I am sure some of you wondered and the rest gave up. Absence without any cause or notice or justification is in a way very liberating. Perhaps you can't get away with this kind of behaviour anywhere else. There is always the risk of losing out on your follower base and readership.. but at times its ok not to give a damn!

And today when I write, I do it because I want to and not because I have not written for a week, and the pressure is building up. That in itself is such a pleasant feeling. So lets start this one here..

Talking about pressures, there is another feeling that almost always surrounding us, and thats 'guilt'. Especially 'mommy guilt'. Each morning at 5:00 am when its time to wake the kids up, the race begins.."UGH!! I shouldnt have stayed up reading so late!" Bond starts to skate around the hall, toshali can't find her brush, and there is always a fight that nips at my arms, shoulders and brain, till I want to flick the kids off! I want five minutes - just five freaking minutes - for my coffee before my brain starts functioning and I get you ready for school. "Flick them off!! God did I say that...?"

Suddenly there is a tooth brush closer than an inch from my eye ball, followed by a shriek" Eeeeeooowwwwwwwwwww!!!"

My fuzzy brain jump starts and the milk spills on the floor. "Toshali, what's the matter, cant you keep it down?"

"Mamma, Bond just dropped my tooth brush in the toilet!"
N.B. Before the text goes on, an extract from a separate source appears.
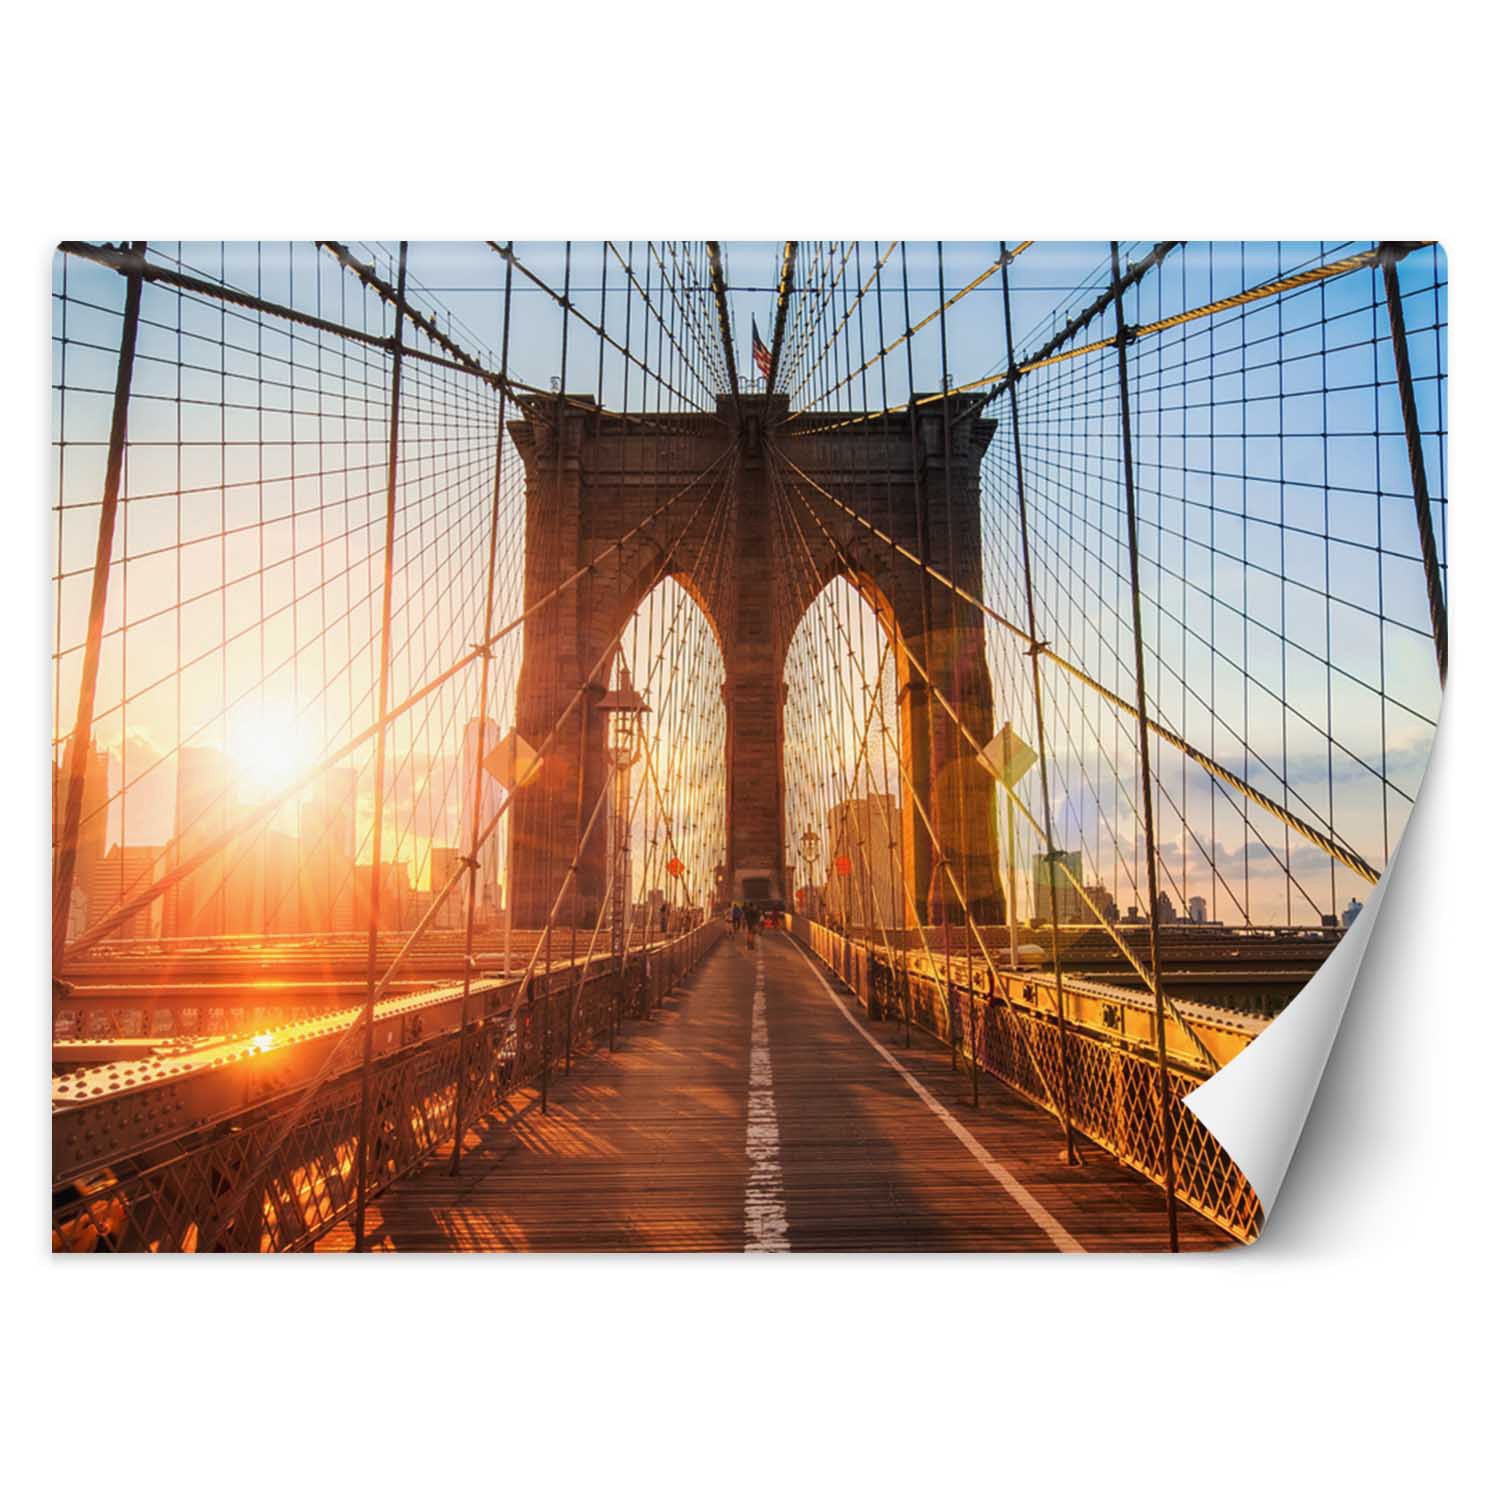 Trend24 – Behang – Brooklyn Bridge – Vliesbehang – Fotobehang – Behang Woonkamer – 450x315x2 cm – Incl. behanglijm

"Fine, great, well worse things have happened!!" I manage to say, as I mop the floor. The coffee seems to be working its magic on me at last. My dehydrated hands move from one lunch box to another as I remember the preferences, one dianosaur pack, one high school musical. And just as I zip up, Bond screams like a banshee and runs wild at me... the reason...nothing..its what he felt like doing! Running and screaming towards me like the sky had fallen down on him. As I turn around with a hand to my thumping chest, I see Toshali brooding over the turkey sandwich in her high school musical box. "You promised me some sweets this time!" Well I have a list of reasons that I can churn out to her against sweets in the tiffin.. but please dear God not this hour of the day! Why cant they remember that I was an actual person before I became a momma to them!

Then of course they hear my husband's footsteps. Like two soldiers they queue up. Bond even straigtens his hair and smiles at me. They don't suck the enegy out of him, because he doesnt feel the guilt over his behaviour with them. That's quite a thought early in the day. Yeah, I think I know what drains me most. Its not the kids running and screaming, Its my reactions to that, and the guilt I have over those reactions.. Hmmm!! The coffee is an exemplary invention!

So what is the point of this 'mommy guilt'? Why dont I accept that I am human and a single entity with one brain and just a pair of hands. Why cant I accept that I cannot do more than maybe three things at a time? I take a breath and run through the daily mental check list. Homework, folders, library books, field trip permission slip, water bottle, tiffin boxes, napkins. ALL THERE!!

Thats another day just beginning... I smile at the new found philosophy.. I dont need to be guilty for being the way I am. I am going to ponder over it some more and enjoy my coffee.